Mentioned in SAL (#wikimedia-operations) [2017-10-26T20:02:56Z] <ladsgroup@tin> Synchronized wmf-config/InitialiseSettings.php: UBN! disbale ores for wikidata (T179107) (duration: 00m 50s)

One thing we can do in the future is to throw a more specific exception, which passes through the ORES service error. The service error needs to be improved as well, the root cause is buried in some misleading stuff about a "buffering" argument.

The URL still sends timeout error.

awight added a subscriber: BBlack.Oct 27 2017, 3:40 PM

I hear that Wikidata API performance has recovered, yet I can still get a timeout some of time, by using the uncached URL:
https://ores.wikimedia.org/v3/scores/wikidatawiki/?models=damaging%7Cgoodfaith&revids=584&features=

The number of timeouts varies, so I'm not entirely comfortable with the theory that the API has recovered.

Nonetheless, the working theory is that we'll reenable Extension:ORES for wikidata on Monday, before wmf.5 is redeployed to that wiki, so that we have a realistic system state. Please give @BBlack and IRC#wikimedia-operations some warning before pushing the config change.

Mentioned in SAL (#wikimedia-operations) [2017-10-30T14:07:43Z] <ladsgroup@tin> Synchronized wmf-config/InitialiseSettings.php: Revert "UBN! disbale ores for wikidata" (T179107) (duration: 00m 49s)

Mentioned in SAL (#wikimedia-operations) [2017-10-30T14:09:14Z] <ladsgroup@tin> Synchronized wmf-config/InitialiseSettings.php: Revert "UBN! disbale ores for wikidata" (T179107) (duration: 00m 50s)

greg added a comment.Nov 13 2017, 11:04 PM

status?

Status?
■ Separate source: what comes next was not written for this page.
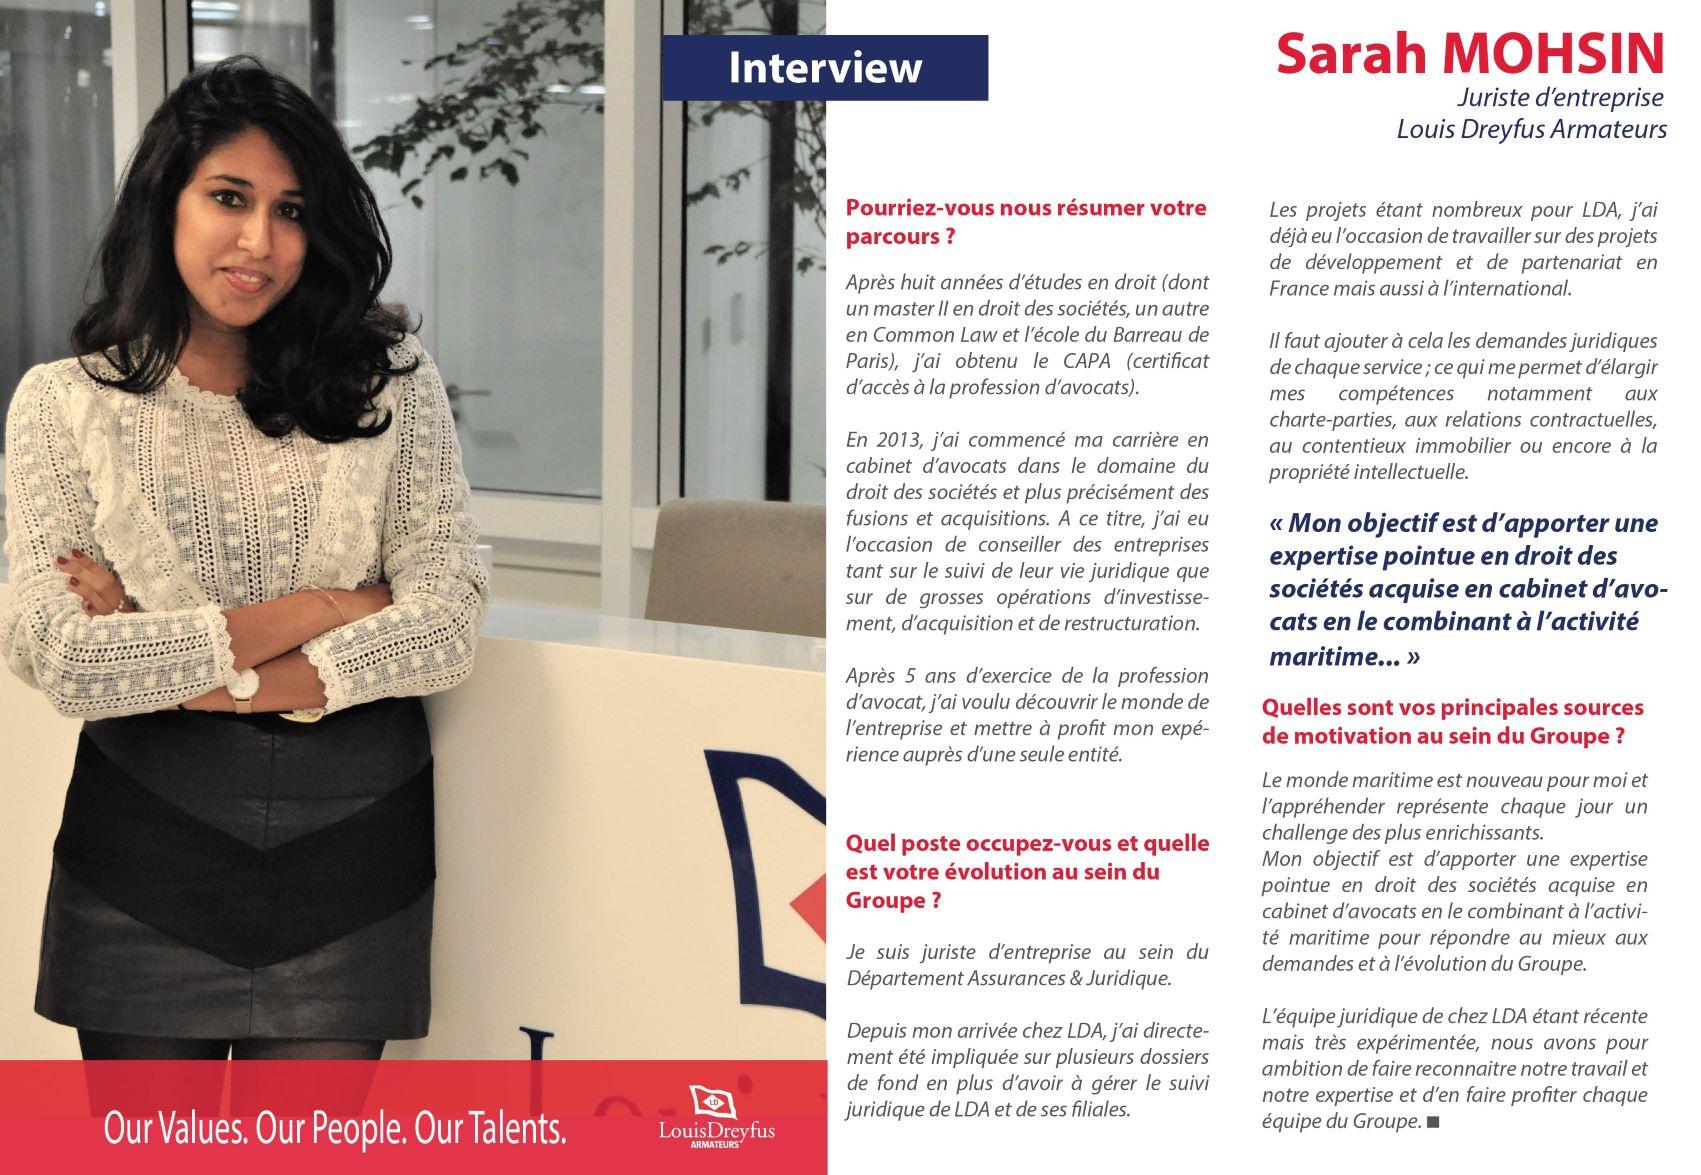 Sarah Mohsin LDA

What is next here? A week without updates doesn't suggest UBN! status...

Thanks for the ping--I think the ORES piece of this has calmed down, we were exacerbating T179156 and now that the cause has been alleviated, there's nothing for us to do. Closing.

awight closed this task as Resolved.Nov 13 2017, 11:07 PM